At the end you will have a pattern file that can be used in TeX.

By hand

This section explains the format of the hyphanation file required by OpenOffice.org. You might still be interested to understand how this works if you need to fix mistakes caused by another approach.

You need

Patterns are specified which describe patterns where hyphenation can occur and where hyphenation cannot occur. The priorities of breaking or non-breaking points are set by numbers (about 1-6). Odd numbers (1,3,5) indicate places where hyphenation can occur. Even numbers (2,4,6) indicate places where hyphenation are not allowed. All patterns that match a particular word are applied to a word.

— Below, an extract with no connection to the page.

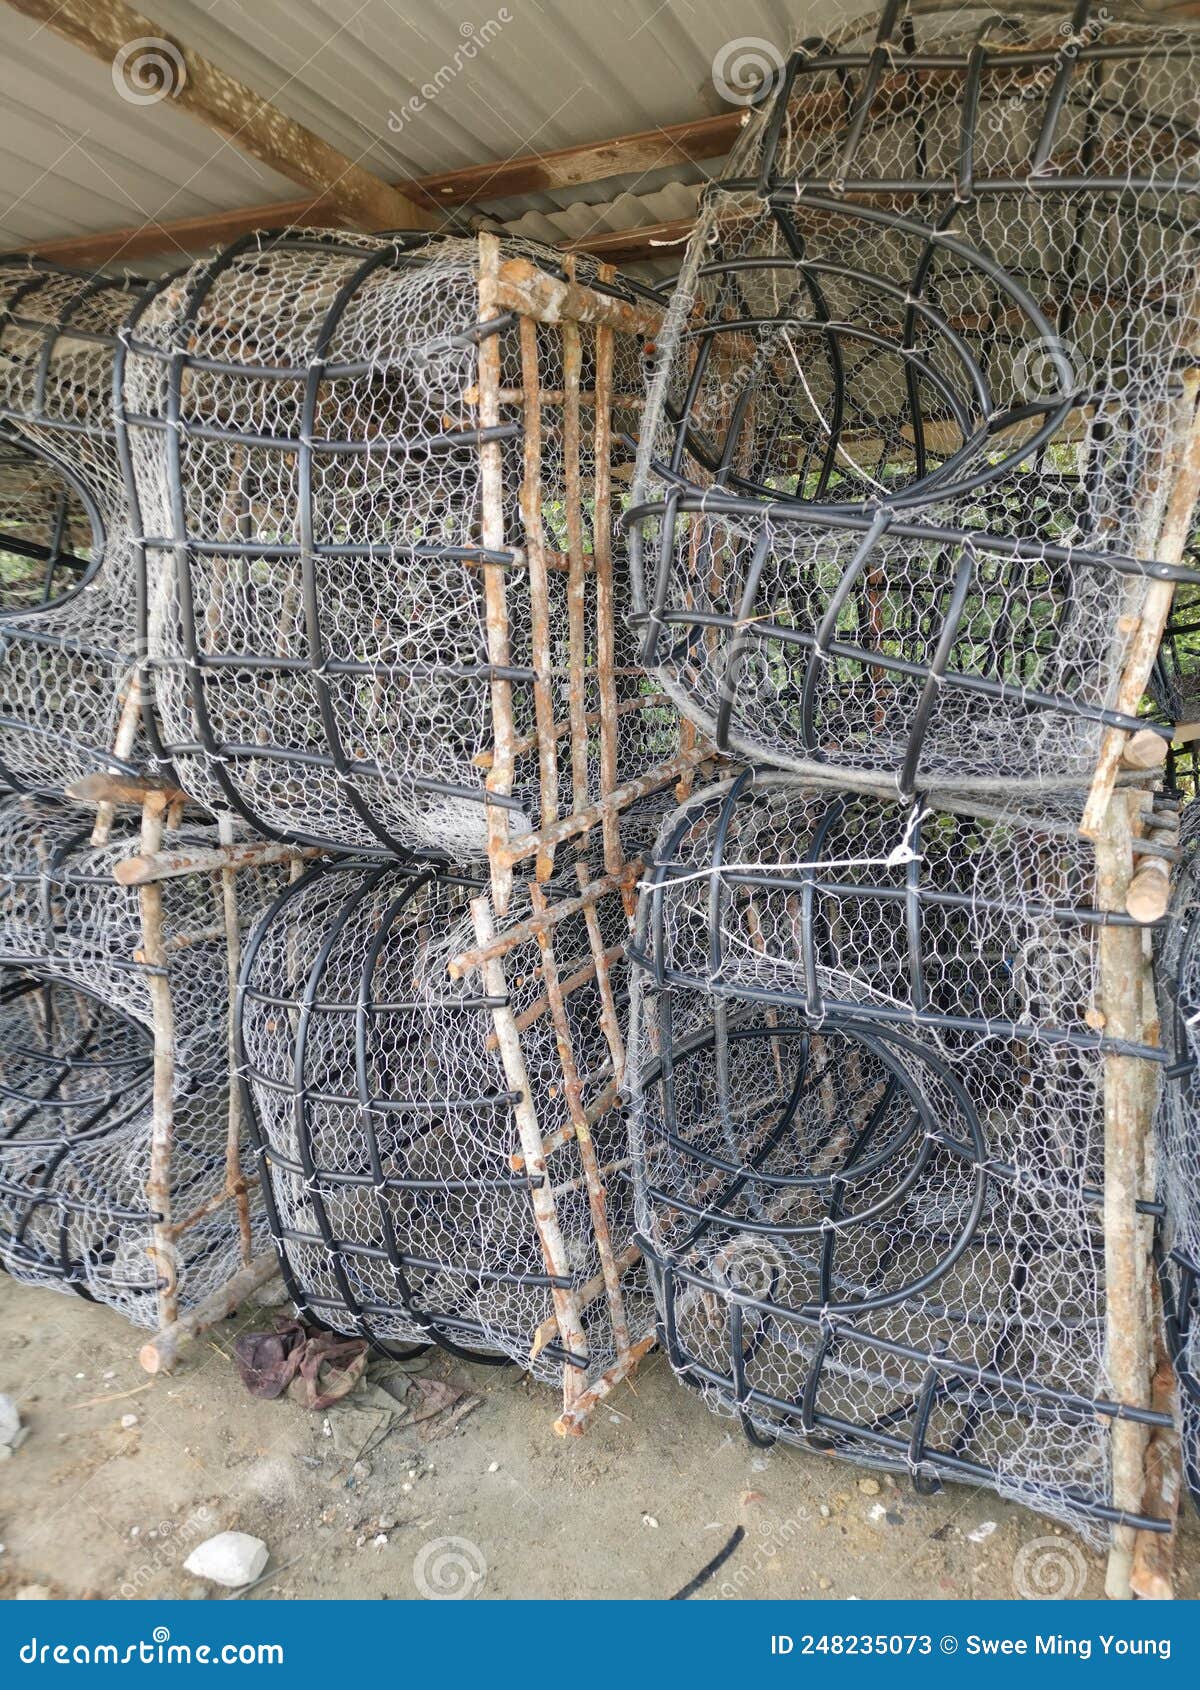 Outdoor Scene of the DIY Fish Trap Structure Make from Mangrove Wood,wire  and Polystyrene Pipe. Stock Image - Image of metallic, industry: 248235073
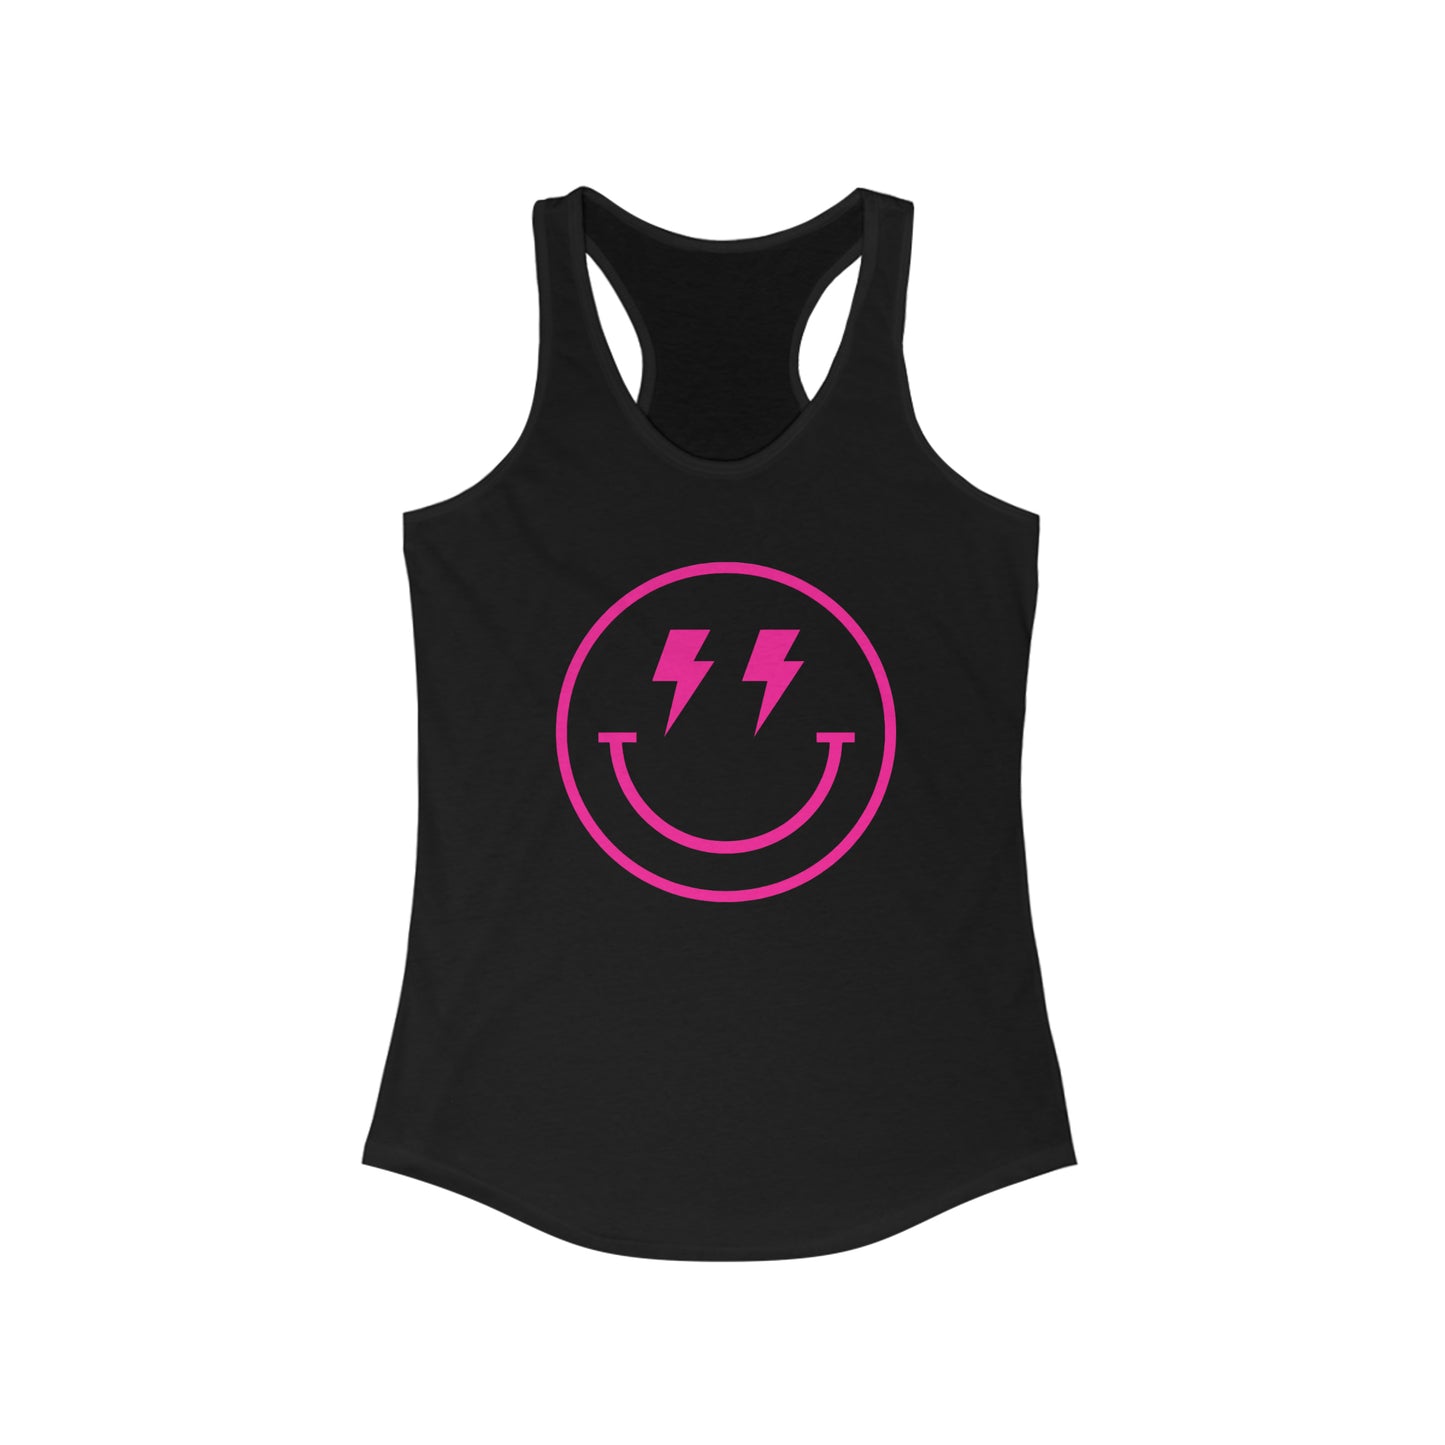 Chic Racerback Tank Top with High-Quality Print: Lightweight, Comfy, and Stylish | Ideal for Active Lifestyles

Higher numbers overrule the lower numbers. The places with odd numbers left indicate possible hyphenation points. A full stop can be used to indicate a word boundary (either beginning or end).

Consider the word “example”. The word is prepared by putting a full stop in front and at the back. Therefore we now have “.example.”. The hyphenation software searches the file for patterns that match any part of the prepared word. Lets say the following patterns match:

x1a
xam3
4m1p
1p2l2

This is how they are applied:

. e x a m p l e .
    x1a
    x a m3
       4m1p
         1p2l2
-----------------
. e x1a4m3p2l2e .
     ^ - ^ - -

Now we can hyphenate at the points of the odd numbers. Note how the even numbers overrule certain hyphenation points that otherwise might have caused wrong hyphenation. Therefore, “ex-am-ple”. The software can now choose the hyphenation point that results in the best layout. There will usually be settings in the software that prohibits hyphenation in the very first and very last characters of a word, in order to avoid having just one or two characters left on the beginning or end of a line. (OpenOffice.org 2.0: Tools ‣ Options ‣ Language settings ‣ Language aids ‣ Options)

To encode exceptions, simply make sure that the pattern is surrounded by full stops. It might be necessary to encode exceptions in cases where a word doesn’t follow normal spelling rules, for example with brand names, person names, etc. (.Kin1sa1s6ha.)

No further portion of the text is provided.